A while ago, Phil Spencer spoke about Elder Scrolls 6 and discussed its potential as a "ten year game", following in the footsteps of its predecessor Skyrim, which is now ten years young and still going strong. Skyrim might have been ported to every possible system including the McDonald's self-service machine, but that has been to capitalise on its rampant popularity rather than an attempt to revitalise it. Skyrim is an eternal game, and ten years is a lifetime in video games. The Last of Us has been remade twice in that time. One of our editors was in Year 7 when Skyrim launched (that's Sixth Grade for you Yanks). When Spencer talked about Elder Scrolls 6, I wrote about my doubts that it could ever do what Skyrim did. But the more I think about it, the more I doubt any game will ever manage it again. Skyrim is the last of a dying breed.
My big issue with Spencer's claim is that Skyrim was not designed this way. If Elder Scrolls 6 tries to be a "ten year game", that probably requires a different sort of thinking to Skyrim, which was never designed to survive not just into the next console era, but to keep on trucking into the one after that. Can the team at Bethesda really make any sensible choices with a massive white board next to them blaring out 'people should still be playing this on the PS7'? I know it will be the Xbox rather than PlayStation, but it's not my fault Xbox gives all of their consoles stupid names. The point is, while Skyrim wanted to have longevity, I doubt it put any specific time frame on its own lifespan, and few at Bethesda could have predicted just how much development cycles would balloon between Skyrim and its sequel.
This is bigger than Bethesda though. I don't think the current gaming landscape supports a game like Skyrim anymore. It will prop Skyrim up, but if Skyrim launched today, even if we imagine it had the graphical bells and whistles more fitting for a 2022 launch, I'm not sure we'd still be playing it in 2032. The medium has moved on.

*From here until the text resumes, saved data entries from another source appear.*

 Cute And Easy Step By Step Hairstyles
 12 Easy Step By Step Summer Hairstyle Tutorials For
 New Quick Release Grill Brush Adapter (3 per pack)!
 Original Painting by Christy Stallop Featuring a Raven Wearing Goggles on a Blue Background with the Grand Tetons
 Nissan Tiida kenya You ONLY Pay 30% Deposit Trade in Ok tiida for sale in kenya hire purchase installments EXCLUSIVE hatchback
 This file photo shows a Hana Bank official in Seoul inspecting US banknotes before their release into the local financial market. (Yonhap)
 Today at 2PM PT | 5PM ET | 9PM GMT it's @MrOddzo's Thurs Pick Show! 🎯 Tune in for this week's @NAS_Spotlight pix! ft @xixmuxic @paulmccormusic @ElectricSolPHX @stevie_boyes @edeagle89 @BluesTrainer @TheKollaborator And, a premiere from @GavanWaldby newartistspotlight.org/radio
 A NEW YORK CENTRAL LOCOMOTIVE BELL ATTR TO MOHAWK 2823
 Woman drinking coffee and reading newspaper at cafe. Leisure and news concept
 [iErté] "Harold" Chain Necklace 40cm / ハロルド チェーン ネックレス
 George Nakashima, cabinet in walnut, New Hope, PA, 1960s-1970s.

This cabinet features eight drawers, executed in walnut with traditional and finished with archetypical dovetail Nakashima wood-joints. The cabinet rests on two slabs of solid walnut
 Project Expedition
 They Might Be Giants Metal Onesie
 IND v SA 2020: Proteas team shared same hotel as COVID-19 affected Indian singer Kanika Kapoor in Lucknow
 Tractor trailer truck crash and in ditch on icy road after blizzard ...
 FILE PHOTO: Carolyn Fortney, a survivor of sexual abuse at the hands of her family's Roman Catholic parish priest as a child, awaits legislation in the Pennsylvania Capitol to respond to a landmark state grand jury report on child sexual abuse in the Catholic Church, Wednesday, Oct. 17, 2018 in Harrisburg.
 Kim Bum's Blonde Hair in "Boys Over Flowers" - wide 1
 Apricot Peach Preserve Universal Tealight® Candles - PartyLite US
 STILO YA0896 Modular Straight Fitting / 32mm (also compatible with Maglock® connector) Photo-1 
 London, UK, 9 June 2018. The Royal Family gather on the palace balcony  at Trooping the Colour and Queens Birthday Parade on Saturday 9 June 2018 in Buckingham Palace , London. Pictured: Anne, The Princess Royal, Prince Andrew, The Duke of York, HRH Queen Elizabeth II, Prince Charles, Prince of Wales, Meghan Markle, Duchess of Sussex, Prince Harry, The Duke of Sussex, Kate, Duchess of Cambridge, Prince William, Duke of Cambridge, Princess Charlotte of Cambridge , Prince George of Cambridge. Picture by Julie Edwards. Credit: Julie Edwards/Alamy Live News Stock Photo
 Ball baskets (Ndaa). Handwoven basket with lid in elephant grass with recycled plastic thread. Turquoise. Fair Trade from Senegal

That line about The Last of Us being remade twice wasn't just a zinger about how unnecessary I find Naughty Dog's latest venture. It's a sign of where modern gaming is. There is a constant need to push the envelope further, and it's not even about stretching the interactivity or agency of the medium, but a constant, unending, and likely unsustainable space race to look perfect. It seems to be a thing vain studios care more about than players, but it has become such a selling point in recent years that loud trolls fixate on any imperfection (remember Halo's fruit physics?) and thus apply more pressure to studios.
Many developers don't want you to play their games for ten years, because in that time they may no longer look like the cutting edge gems they once were. Case in point, The Last of Us, a universally acclaimed masterpiece currently widely available for free on the PS5 is getting its second overhaul in nine years. Studios are in danger of becoming plastic surgeons, desperately holding back the inevitable flow of time. Games are getting bigger, sure, and while individual players might stick with them for a few years, studios want you to ditch them as soon as possible. Assassin's Creed games don't lack for content, but Ubisoft does not want you to keep playing Origins. It would rather you left the game unfinished and moved on to the sequels, onto Watch Dogs, onto Fenyx Rising, onto Far Cry. It does not want to be a ten year game with all of the cultural impact that provides. It wants your money every year for a brand new thing.
Starfield, Bethesda's upcoming new IP, is the acid test. With 1,000 planets, it won't be short of content, but do we even want to be playing it for ten years? Have audiences not been Pavlovianly trained to demand more more more from the studios happy to rake in the big bucks from providing it? Even if Starfield has the legs to last for ten years, I'm not sure the gaming public at large has the attention span. We all unilaterally declared Elden Ring the greatest game in the history of video games just a few months ago, and it already feels like it has slipped from the public conversation. People are still playing it in huge numbers, and even with its open world approach, it is not designed to last forever. The problem is, even when games are, I'm not sure they can anymore. Skyrim is the end of an era… or it will be, whenever Skyrim actually ends.